Cher vendeur de mirage, a la dégaine de vieux illuminé.

C'est pour toi, vendeur de mirages, que je refoule ma rage interne. C'est pour toi, assis sur un banc comme une statue de marbre, que je rassemble quelques francs, déjà périmés. Marchand difficile, homme sans chaussures, je connais tes peines et j'ai beaucoup de compassion pour toi quand tu me confie tout bas tes problèmes de sous. Mais tu sais, personne n'y crois a ton art, et la souffrance n'est plus a la mode. Les temps modernes offrent a l'homme l'agilité nécessaire pour se créer des espoirs à la hauteur de leur déceptions. Tout est noir, et tu vends du gris, alors qu'a coté, l'anatomie des masses a mit au point un processus dément pour la synthèse des couleurs.
Je ne veux pas ressentir l'amère compassion, ni partager avec toi mes repas envenimés par la commodité. Mais écoute moi. Cesse tes enfantillages, raisonne et oublie tes petits plaisirs un instant. Enterres tes airs de beauté fané, et vend ton amour, ignoble bestiole.

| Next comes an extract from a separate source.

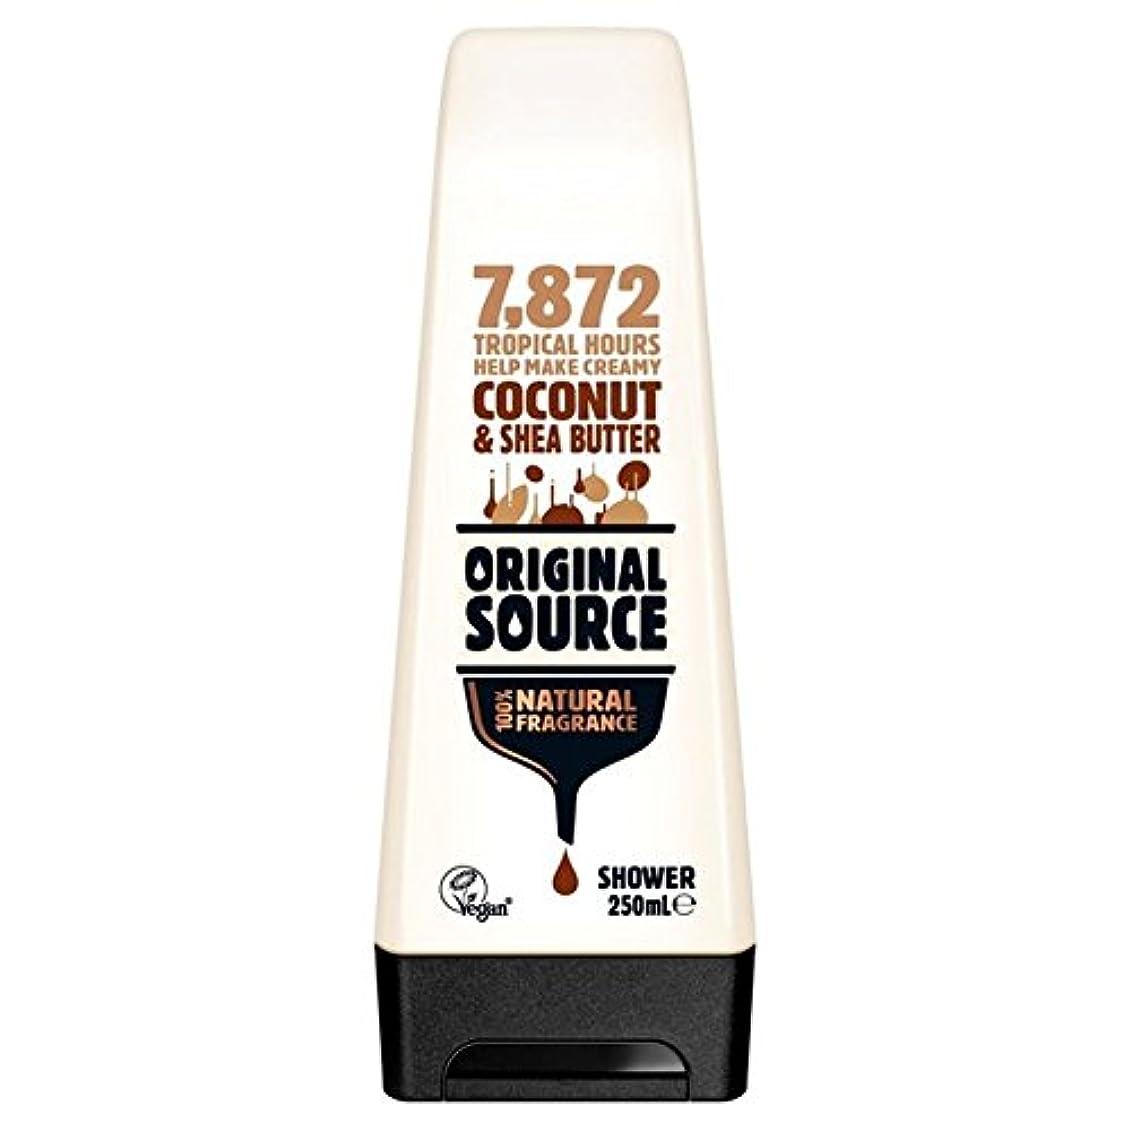 対注目すべき北西元のソース保湿ココナッツ&シアバターシャワージェル250ミリリットル x2 - Original Source Moisturising Coconut & Shea Butter Shower Gel 250ml (Pack...

Et puis un jour, tu verras, j'enverrais des faux espoirs claustrophobes envahir ton esprit. Quand tu mourras enfin d'une pression phénoménale ingérable, j'irais en enfer, te dédier des danses infernales, en souvenirs des textes que tu m'as écris.

Au bout de combien de temps on regrette d'etre venu au monde? (Nouvelle sous ecstasy_ Frederic Beigbeder)
Jongleur.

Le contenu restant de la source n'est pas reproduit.